What comes to mind is the “shift system” in the schools which lasted for approximately twenty-five years. In conjunction with this was, and is, the changed pattern and mode of work. The two phenomena aiding and abetting each other. There are, of course, other factors exacerbating this morass of contrived accidental, incidental and necessary “delinquency.” It should have been avoided or minimised. But that did not happen and so, at this time in our dubious evolution, we are indeed reaping the whirlwind.
How does this phenomenon play out in real life? When parents are at work, children are at home for inordinate lengths of time. They are alone—but with their friends. They are at home fixated on the TV, feasting their eyes on what they should not be watching. And when the exhausted parents do get home they use the TV as a diversionary mechanism and a baby-sitting, child-watching mechanical agent. There is no significant, salubrious interaction between parents and children. There is no inculcation of values; and the guidance to be provided is anything but loving, caring, warm and relevant. The consequence of all of this over the years is that the genesis and phenomenon of crime undergoes a morbid metamorphosis. The traditional climate of crime changes and a novel climate is being spawned. And so today crime is no longer a symptom or a function of “immoral” behaviour. Crime is amoral behaviour in its menacing and societally frightening mode.

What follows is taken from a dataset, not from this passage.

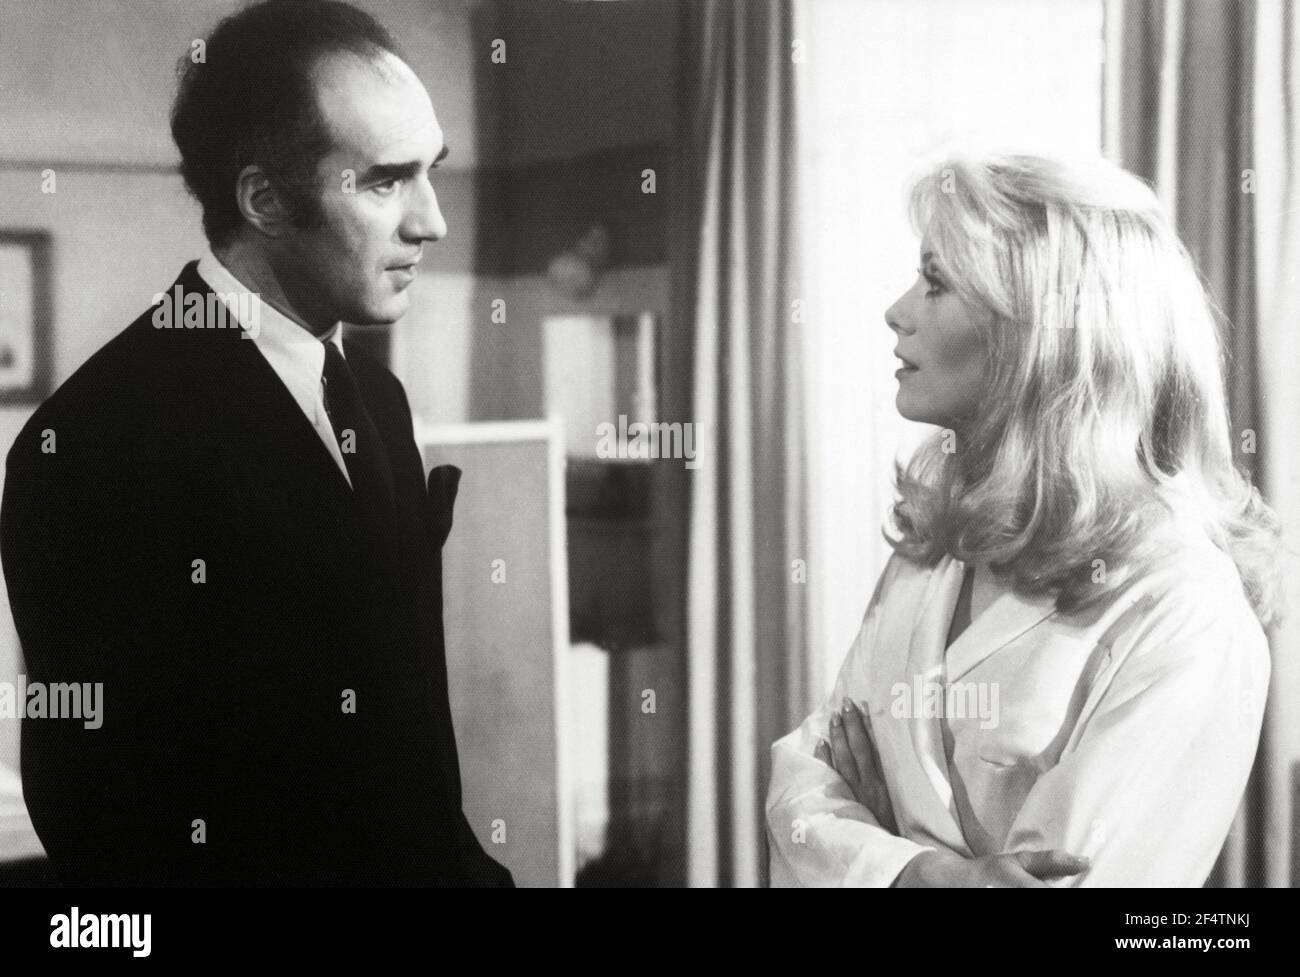 CATHERINE DENEUVE e MICHEL PICCOLI in BELLE DE JOUR (1967), regia DI LUIS Buñuel. Credit: PARIS FILM/FIVE FILM / Album Foto Stock

How do you deal with amoral criminals? How can you undo that which has not been done? How can you reform that which has not been formed? How can you rehabilitate that which has not been habilitated? Will corporal punishment suffice? Will it assist? We do not think so. In this new environment corporal punishment will be an abuse and counter-productive. For the present, new strategies will have to be devised for the containment of delinquent behaviour on all levels. There is a perverse metamorphosis among the “abused” youth of today. They have a cognitive discernment of what is right; what is good. But they do not have a moral sensibility to that which is good and that which is not. There is a certain characterological dissonance between their moral sensibilities and their knowledge of the good. And as a result there is a patent lack of conscience, be it spiritual, social or otherwise. There is no remorse; no latent passive or actual abhorence to the commission of any offence. Nothing registers. And so the bad or evil obtain their dubious legitimacy in a context of vile acquisition and murderous disposition. For this generation corporal punishment will not cut the mustard. This generation, as I see it, is lost. And so we have to look at the three-year-old now sitting on the school benches or cushions of this nation. The school curricula must be changed in order to deal and cope with the already changing societal landscape. Parenting as I see it is the key; and it is a function too important to be left only to parents. It must become a government responsibility. And so the formal society must know where the children are at all times, and what they are doing at all times. In every community the Laborie Village needs to be created; for it is only in such an environment that the corrective and redeeming responsibilities corporal punishment can be actualised. And in this regard it must be realised that corporal punishment is just one brick in the edifice of salubrious child development. And in this edifice no one brick stands alone!